Task statement: Reproduce the listing below word for word, with no pictures.

--- Data Enclosed Below ---

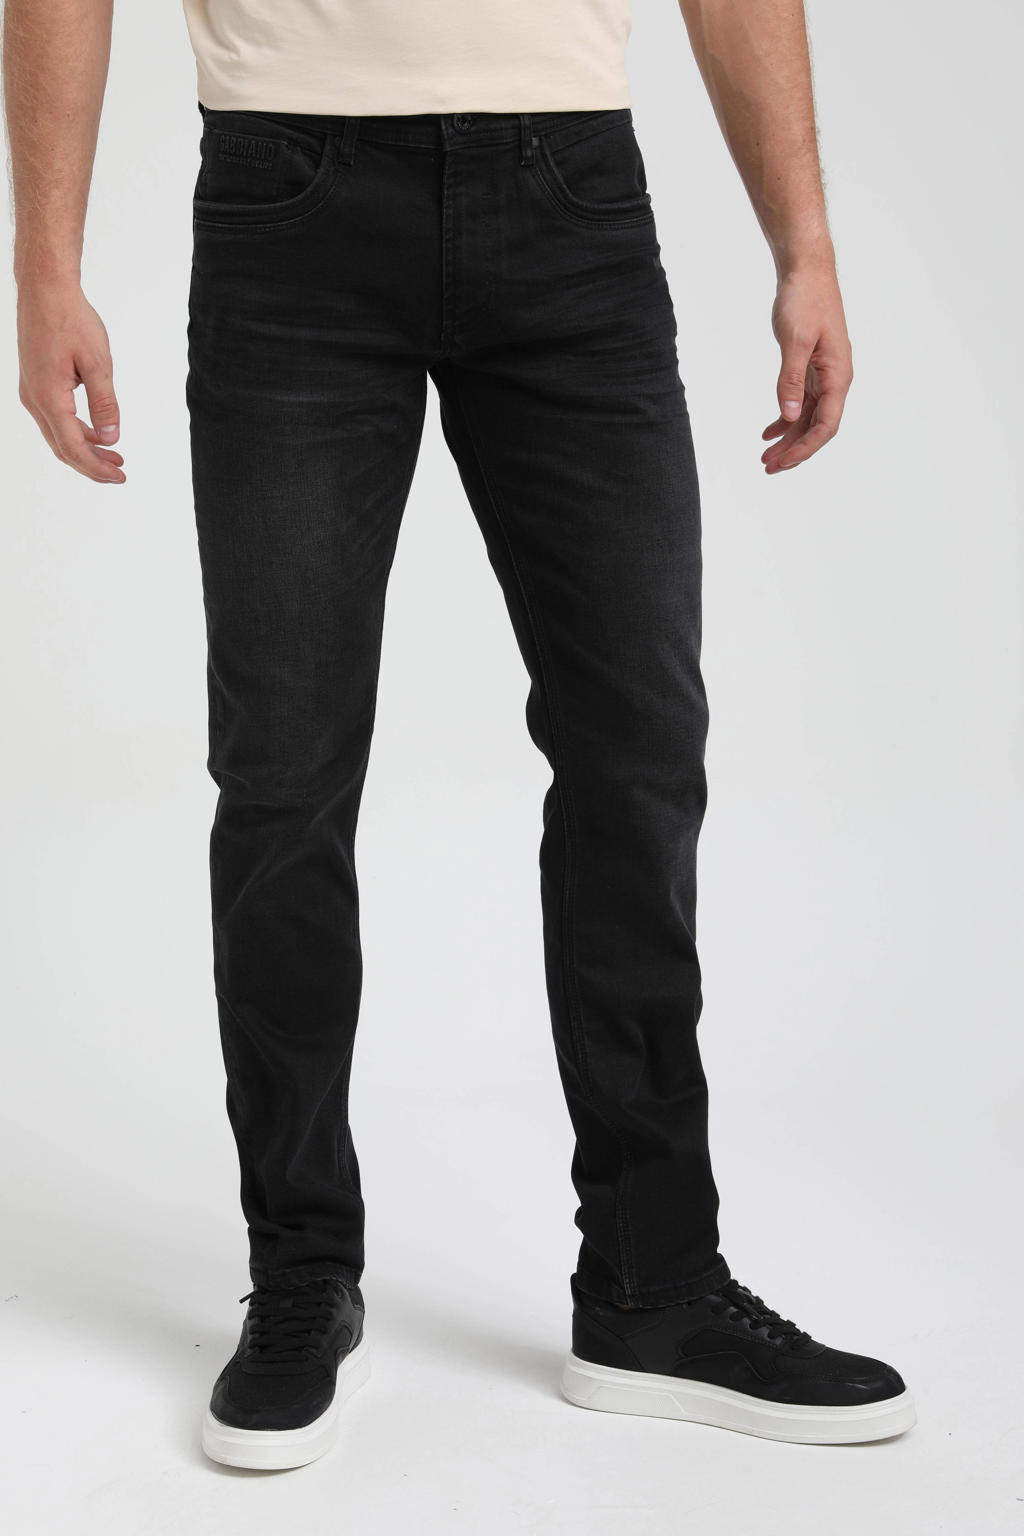 GABBIANO regular tapered fit jeans Prato black used
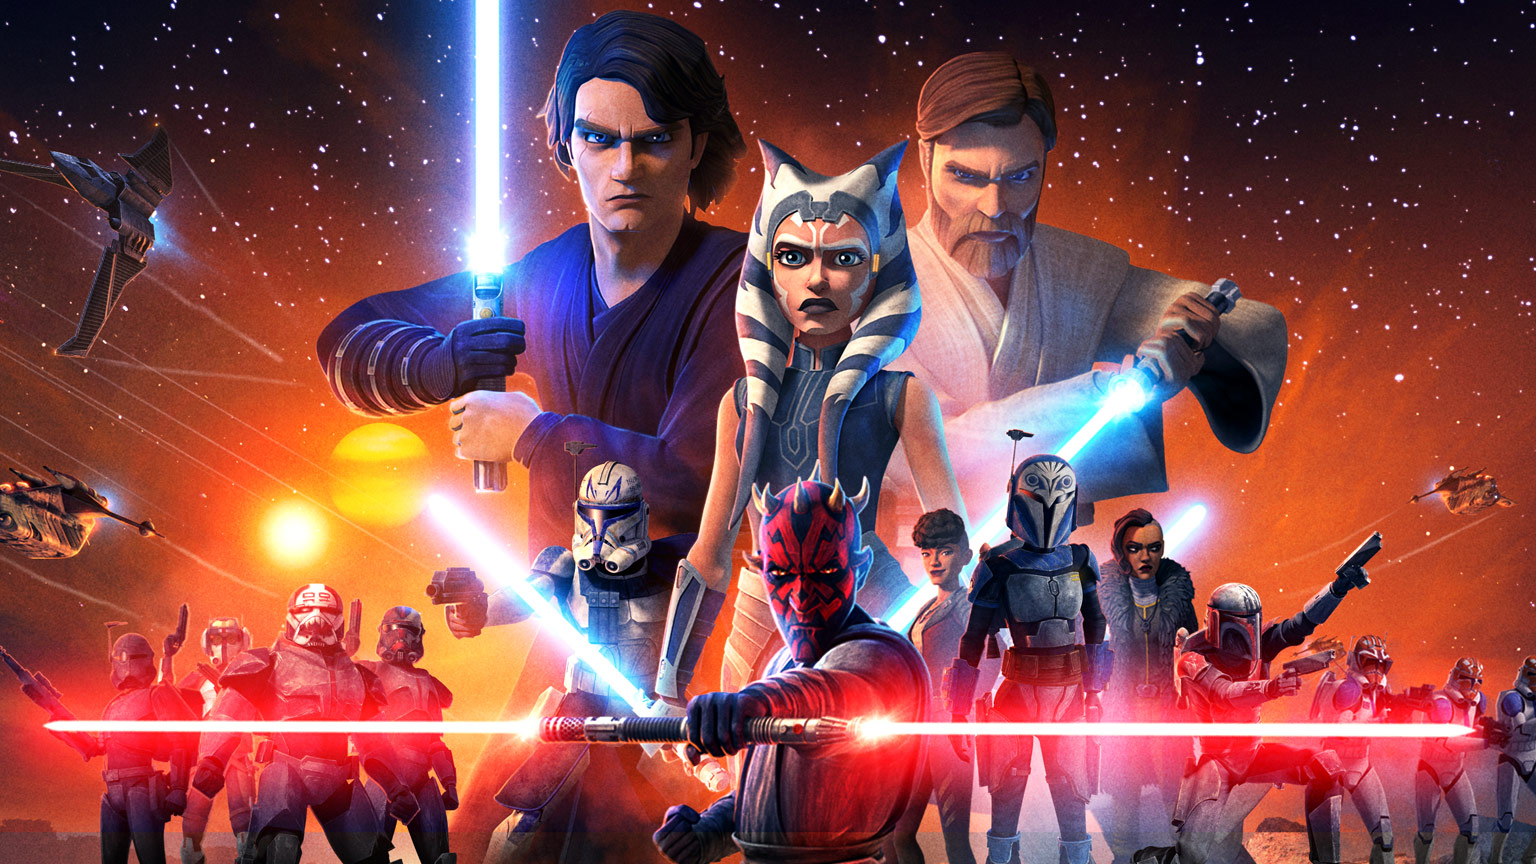 The Clone Wars spin-off Obi-Wan Kenobi
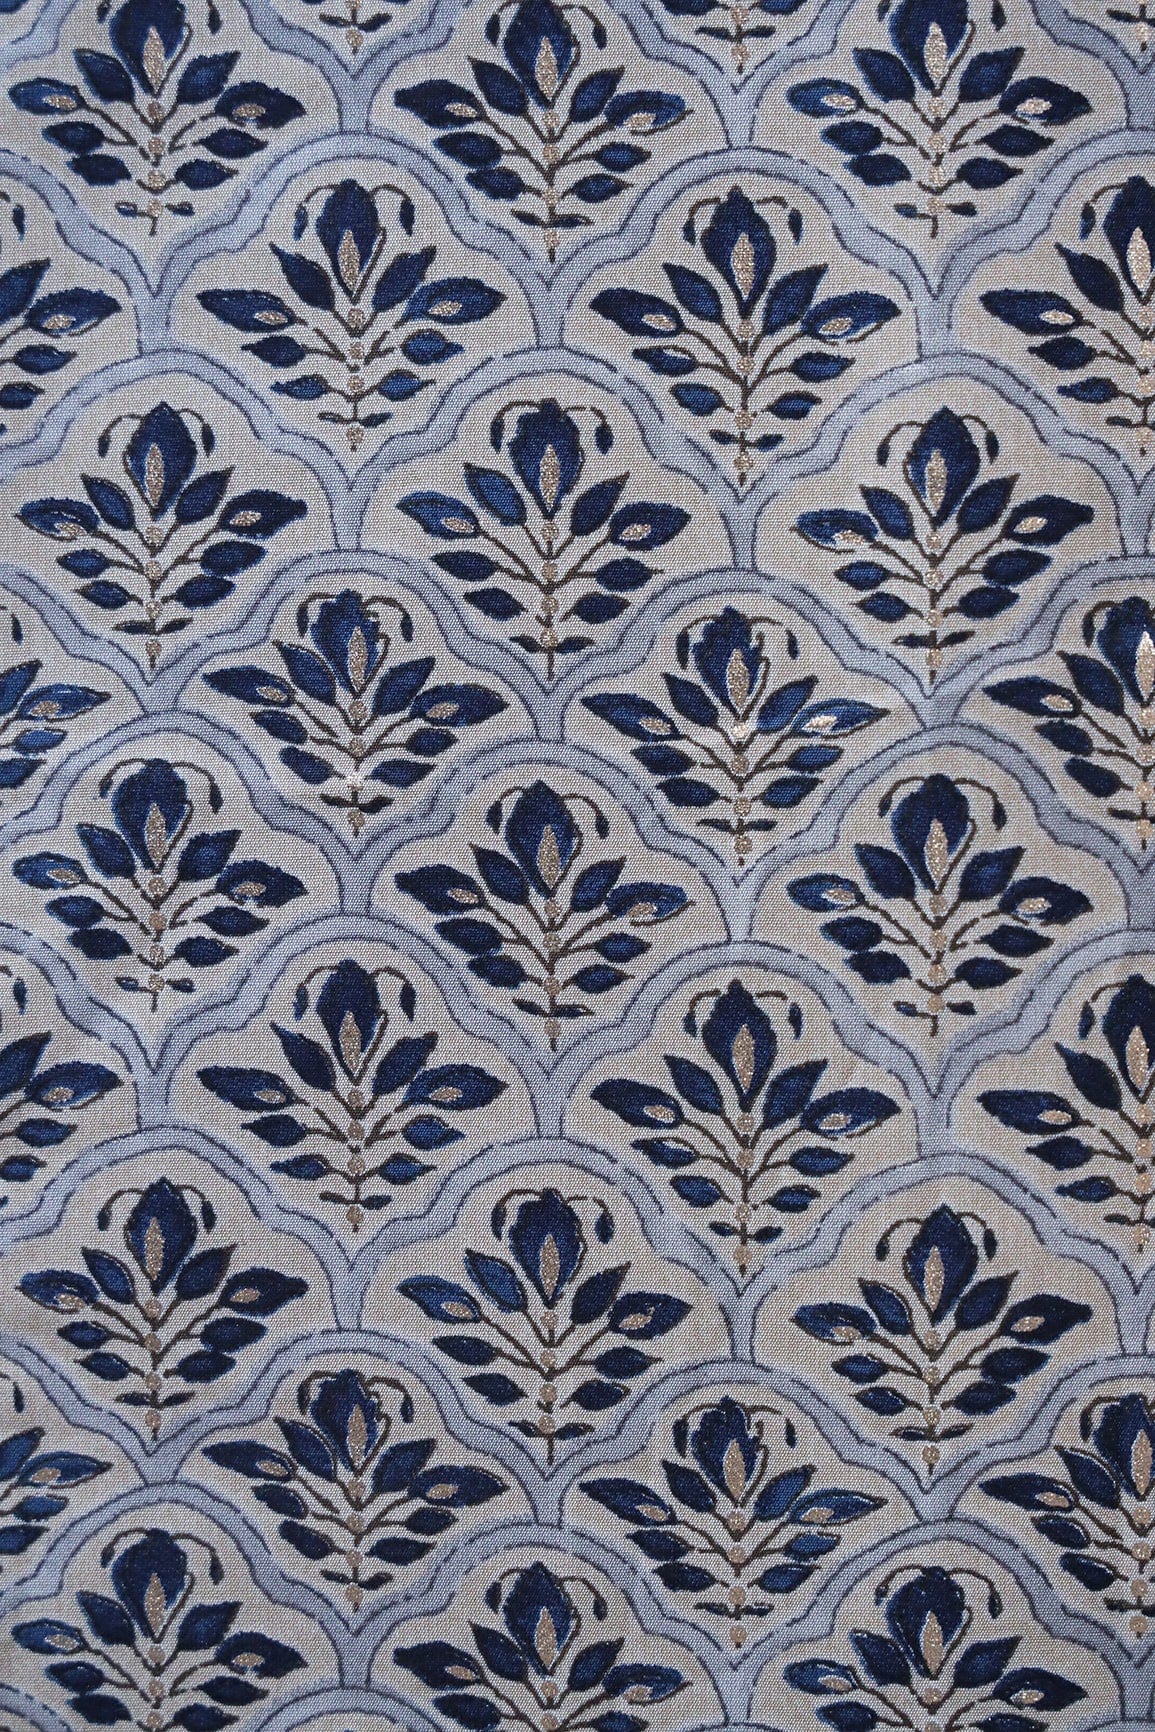 doeraa Prints 1 Meter Cut Piece Of Grey And Blue Trellis Pattern Foil Screen Print On Chanderi Silk Fabric

--- End of Enclosed Data ---

Result of this task:
 GABBIANO regular tapered fit jeans Prato black used
 The Clone Wars spin-off Obi-Wan Kenobi
 doeraa Prints 1 Meter Cut Piece Of Grey And Blue Trellis Pattern Foil Screen Print On Chanderi Silk Fabric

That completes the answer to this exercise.